Explicações correntes: escassez de recursos e interesses privados

Os médicos transplantadores têm argumentado que a insuficiente remuneração paga pelo Sistema Único de Saúde (SUS) pelo transplante é o grande impedimento ao seu crescimento. "Esse procedimento, muito mais complexo e seguramente mais trabalhoso para a equipe clínico-cirúrgica, é o que apresenta a menor relação entre honorário médico e custo do procedimento. É consenso entre os nefrologistas que o principal óbice a essa terapêutica decorre da remuneração inadequada do transplante." (Sesso, 1987, p. 52).

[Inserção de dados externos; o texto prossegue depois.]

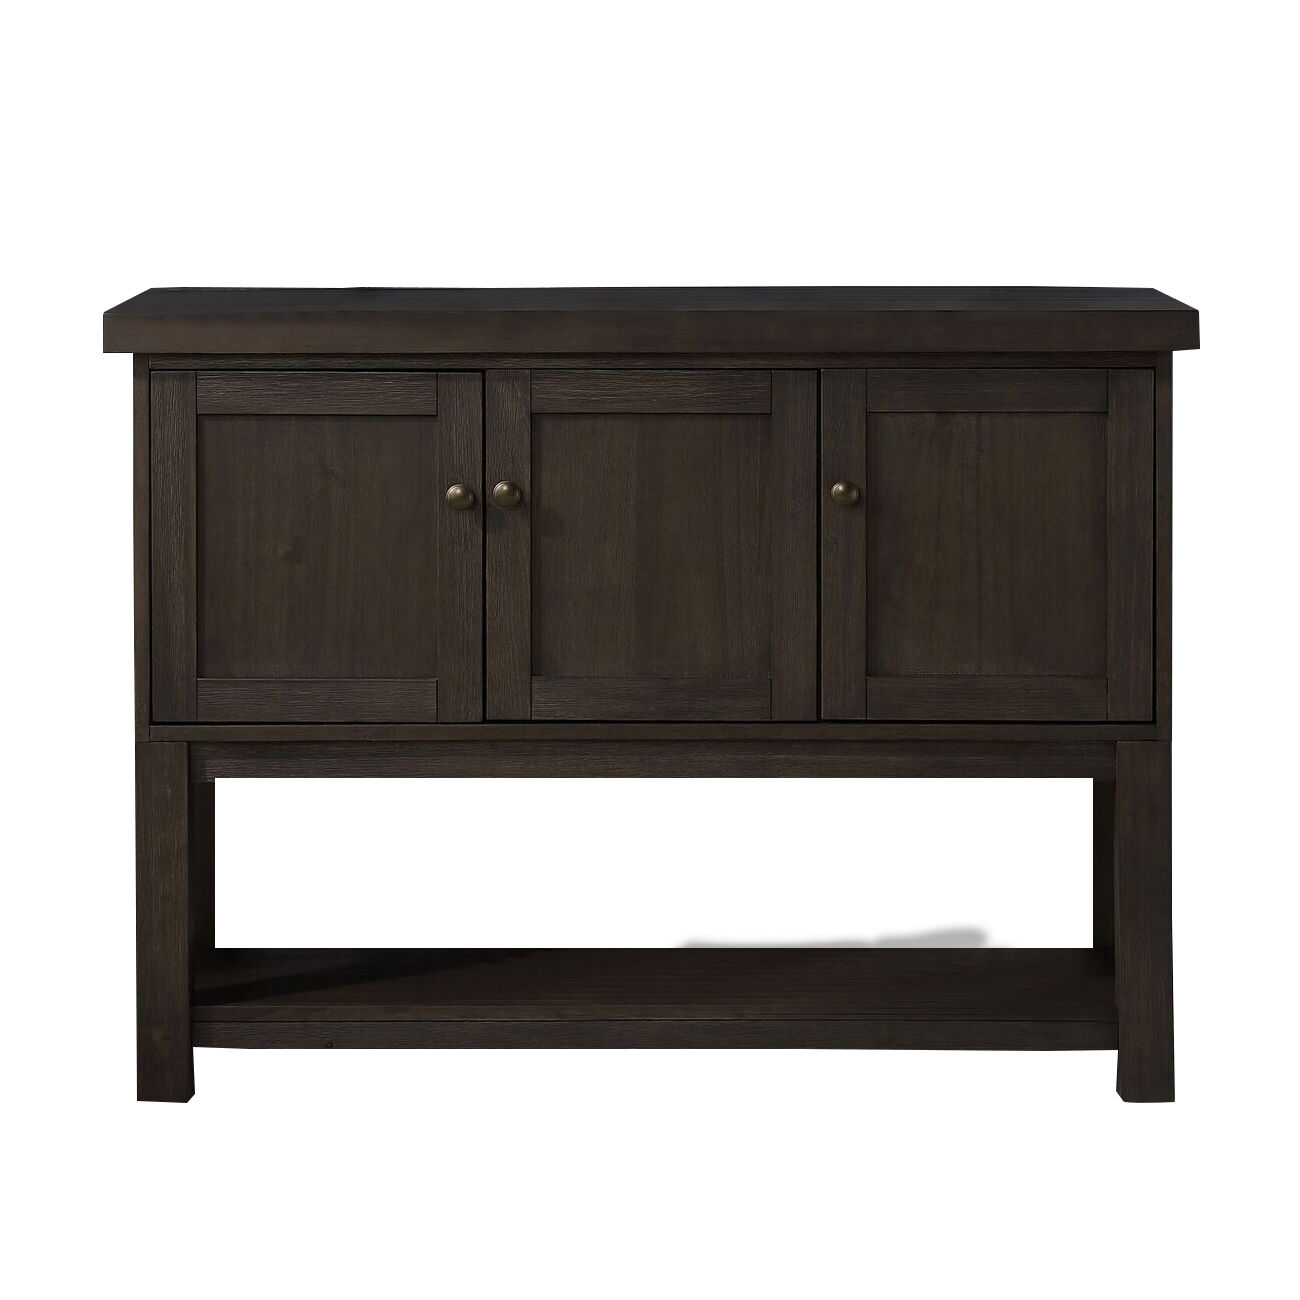 Transitional Style Server with 3 Doors and Open Bottom Shelf, Brown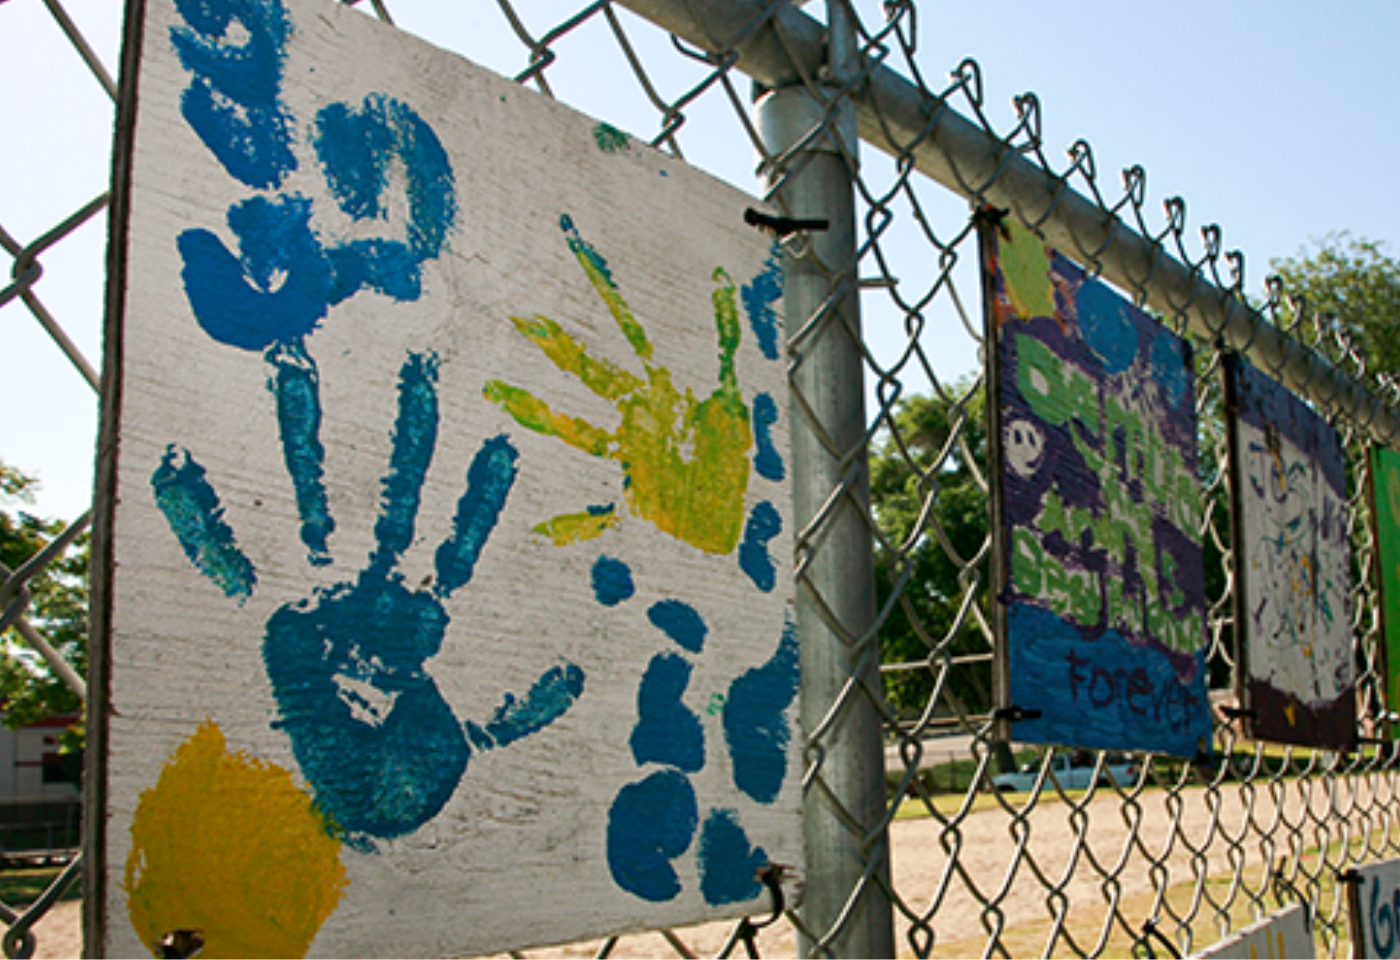 Mural and kids' paintings hanging on a fence at a playground

Mesmo que se concorde com o argumento de que a baixa remuneração pelo transplante é o principal impedimento ao seu desenvolvimento, deve-se atentar para alguns fatos antes de concluir que o transplante não cresceu por falta de recursos. O primeiro deles é que a expansão na oferta de tratamento para os doentes renais crônicos foi acompanhada, nos últimos 20 anos, por um crescente comprometimento de recursos do orçamento federal no seu financiamento. O segundo é perceber que, dados esses recursos, teria sido possível alocá-los de forma diferente da que foi feita.

O investimento no tratamento da doença passou, nestes 20 anos, de algumas centenas de milhares de dólares ao ano, na década de 70, para quase US$400 milhões na década de 90. Estima-se que na década de 80 foram gastos cerca de US$1,5 bilhão no tratamento da doença, e que entre 1987, ano em que foi criado o Sirc-Trans, e 1996 foram consumidos cerca de US$3 bilhões no programa (Sesso, 1990; Coelho, 1996). Teoricamente teria sido possível, portanto, principalmente a partir de meados da década de 80, canalizar para o crescimento da atividade transplantadora uma parte mais significativa dos novos recursos que entraram, a cada ano, no sistema de tratamento dos doentes renais crônicos.

Esse argumento ganha força quando se sabe que, a partir de 1985, algumas novidades tornaram a expansão da atividade transplantadora ainda mais factível. Durante toda a primeira metade da década de 80, países como os Estados Unidos, a Alemanha, a Espanha e os escandinavos haviam experimentado um rápido crescimento em sua atividade transplantadora, crescimento que estava associado à criação e ao desenvolvimento de organizações locais, nacionais e transnacionais de resgate e distribuição de órgãos e ao estímulo representado pelo aumento significativo da sobrevida do enxerto renal, alcançado a partir da utilização em larga escala de drogas como a ciclosporina e o anticorpo monoclonal (OKT3), que contribuem para minimizar a rejeição ao transplante. Essas drogas começaram a ser usadas no Brasil sobretudo a partir de 1985 (Ianhez, 1994).

Quanto à idéia de que a atividade transplantadora foi cerceada pela falta de órgãos, Pestana (1992) e Vaz (1993) mostraram que o brasileiro doa e que, ao menos em tese, haveria quantidade suficiente de órgãos para permitir um significativo crescimento da atividade transplantadora.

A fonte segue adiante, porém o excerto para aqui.